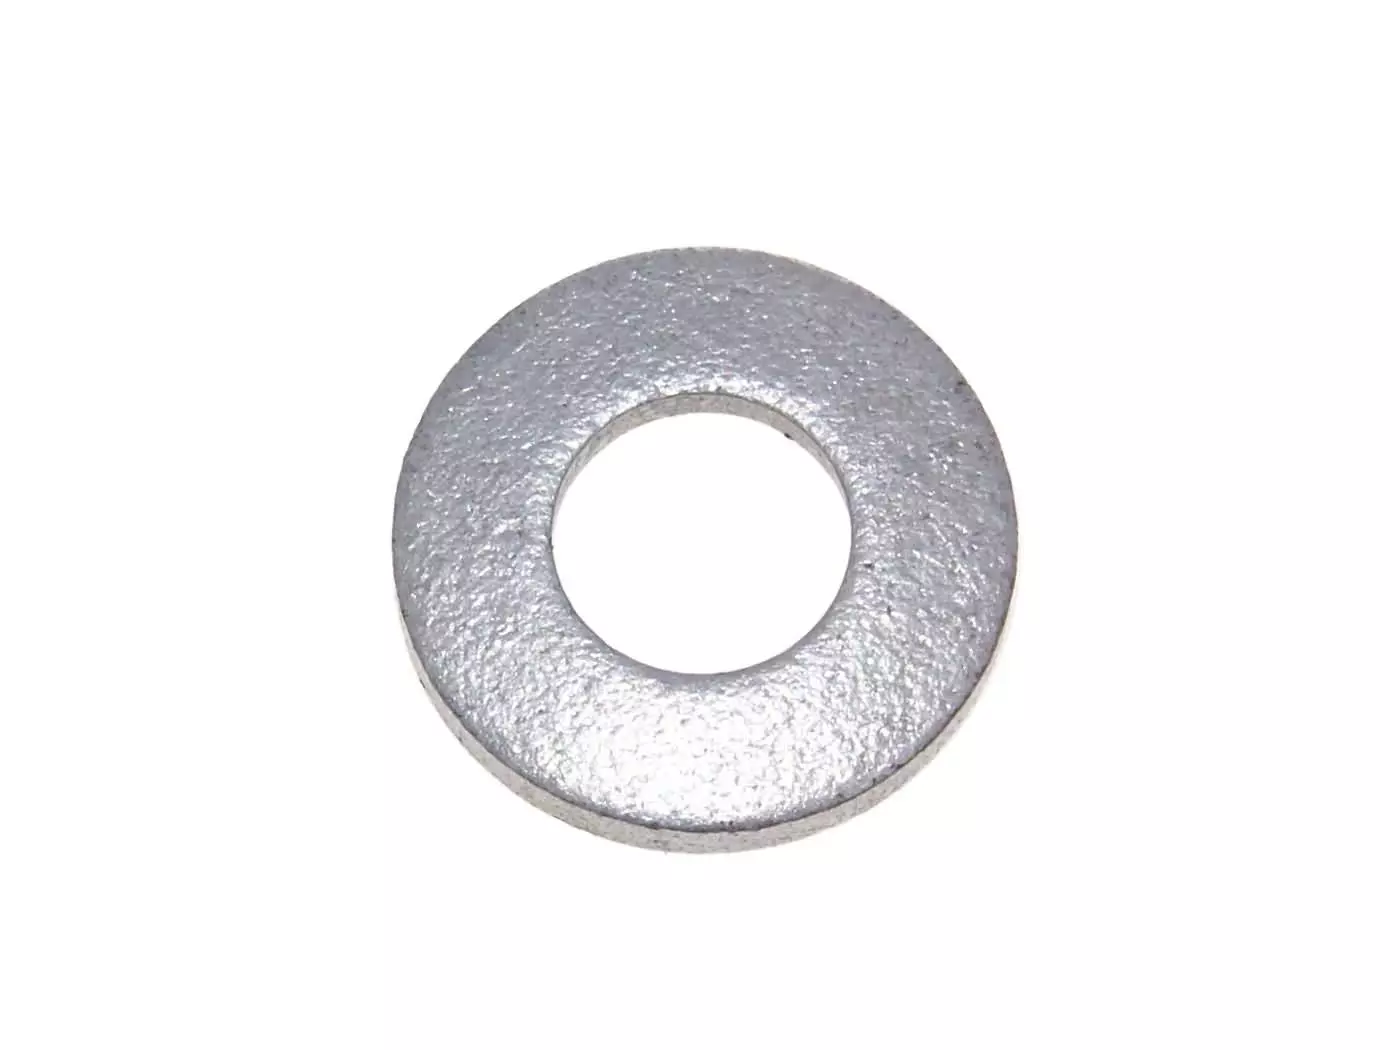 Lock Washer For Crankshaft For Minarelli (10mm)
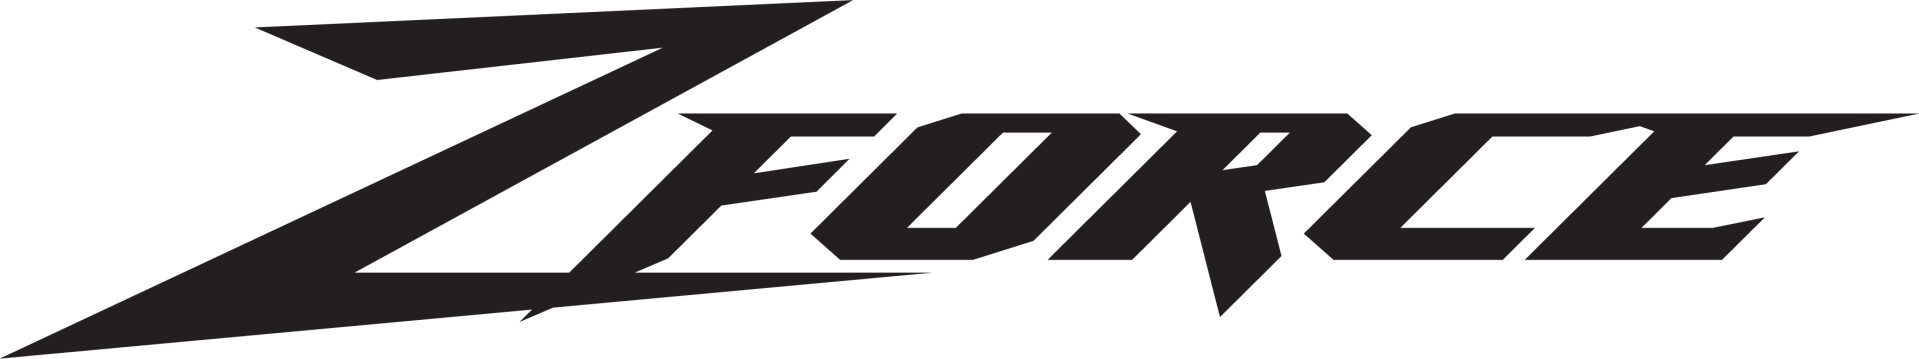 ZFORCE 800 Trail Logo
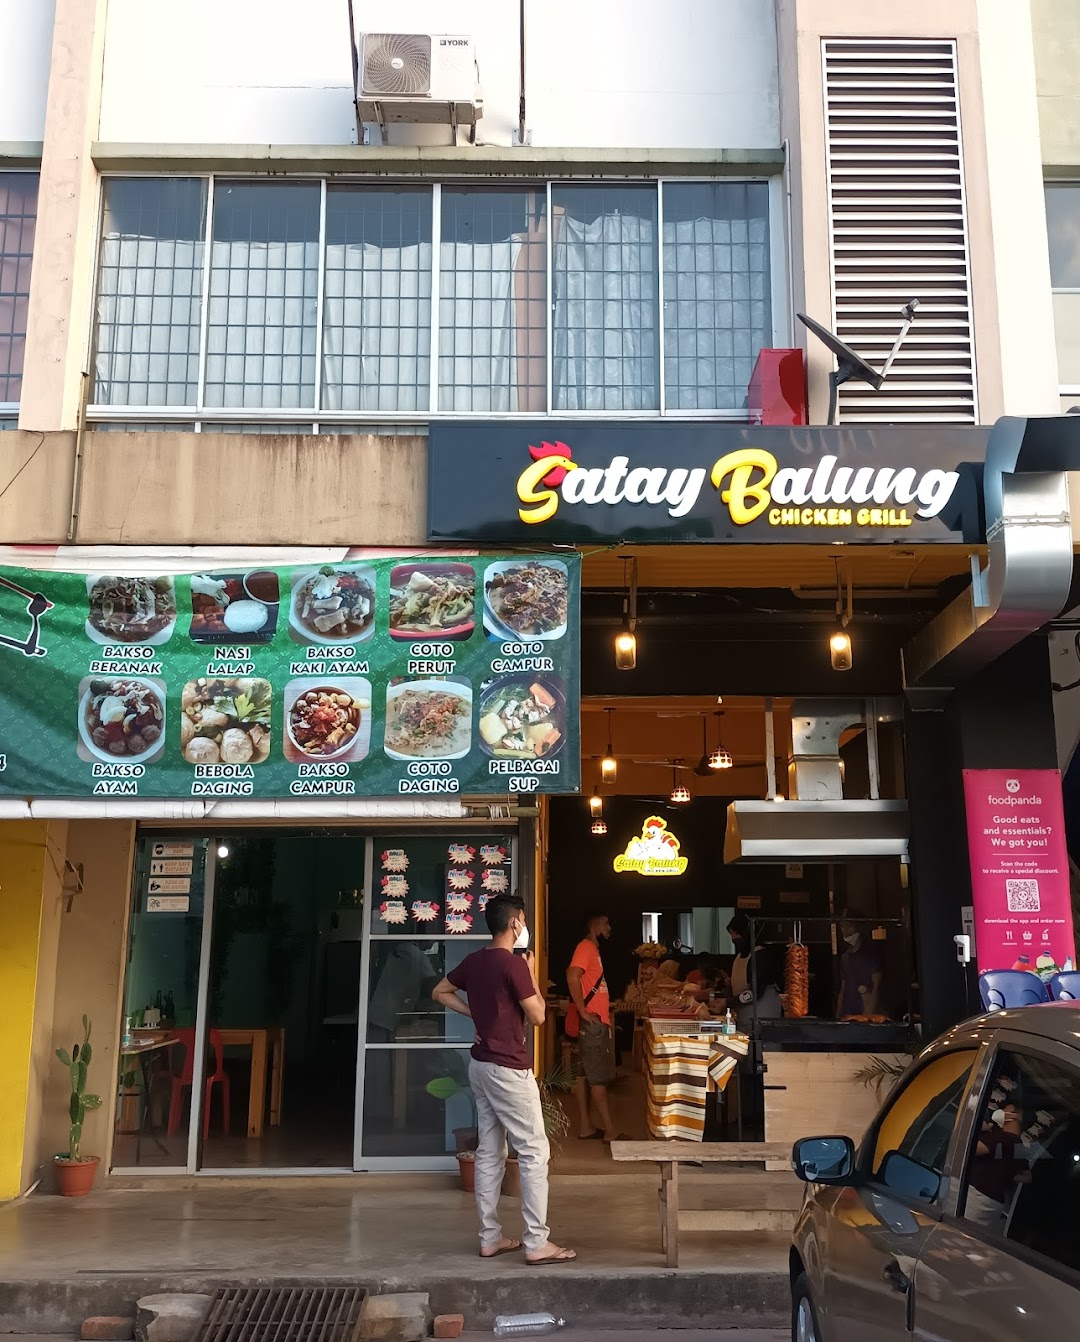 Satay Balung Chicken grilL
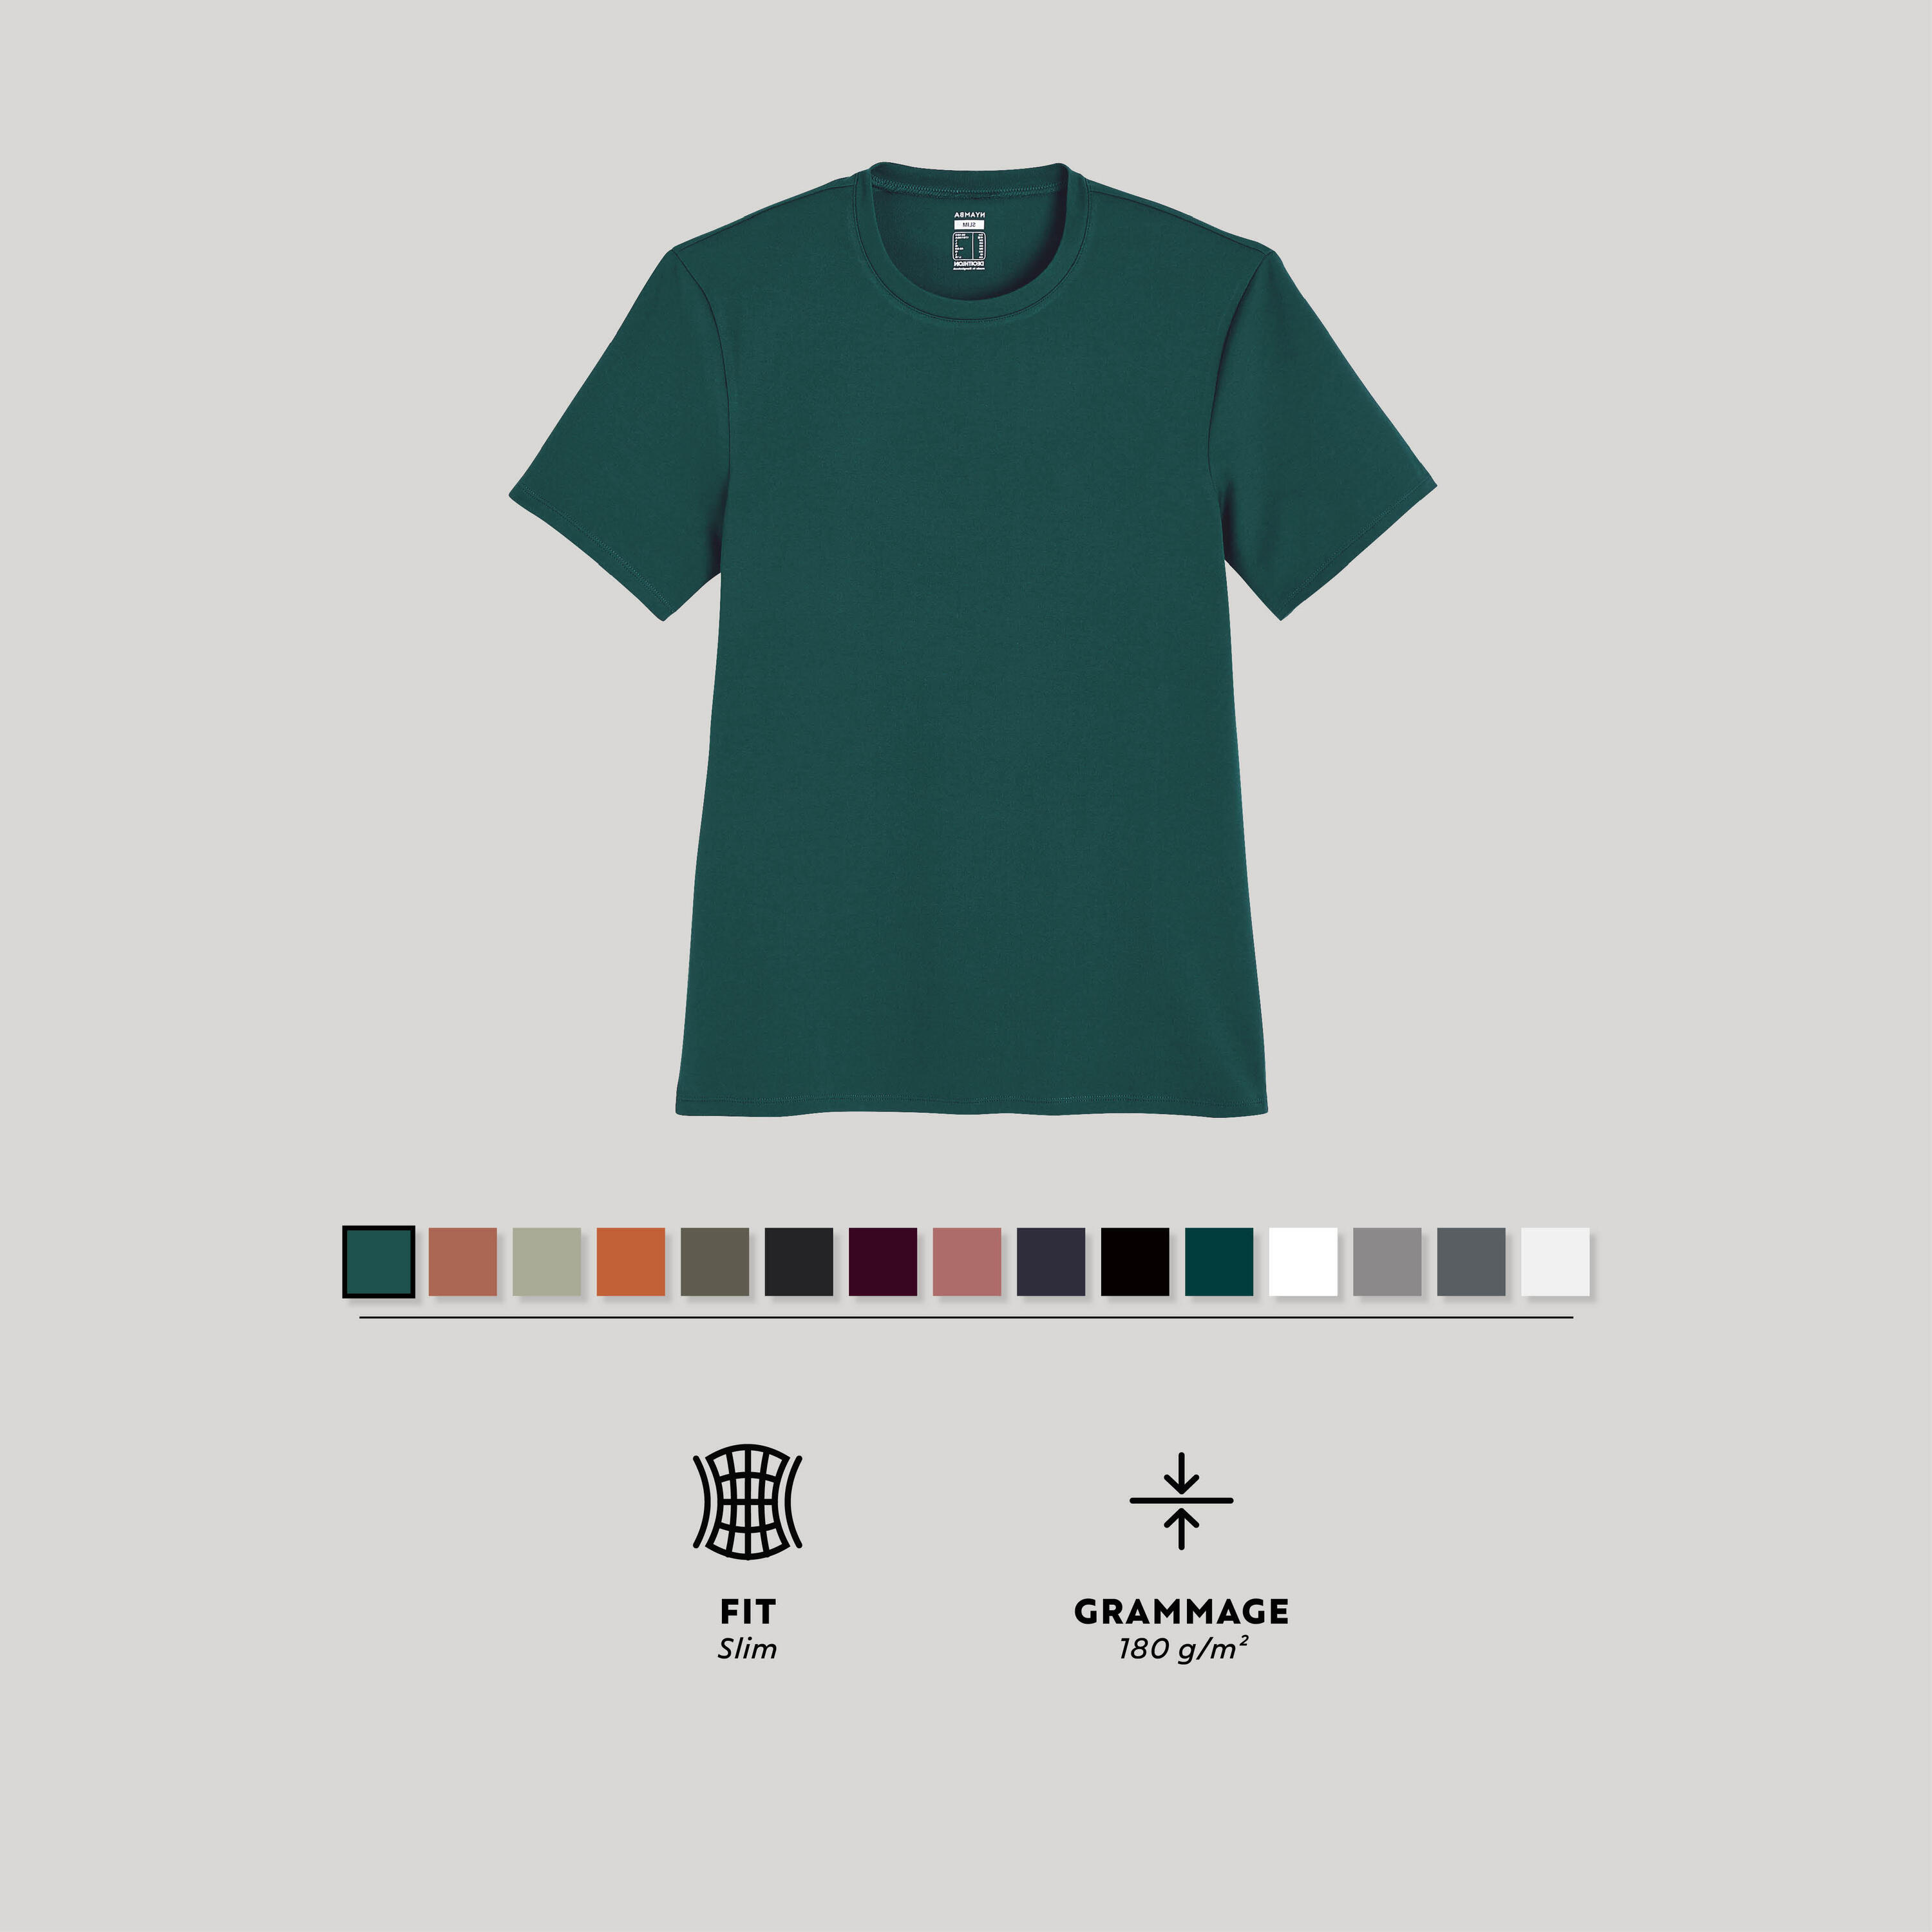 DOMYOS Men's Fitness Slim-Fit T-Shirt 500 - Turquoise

Exercise aim: Restate, word for word, all of the material above, leaving out the images.

Answer area:
 Lock Washer For Crankshaft For Minarelli (10mm)
 ZFORCE 800 Trail Logo
 Satay Balung Chicken grilL
 DOMYOS Men's Fitness Slim-Fit T-Shirt 500 - Turquoise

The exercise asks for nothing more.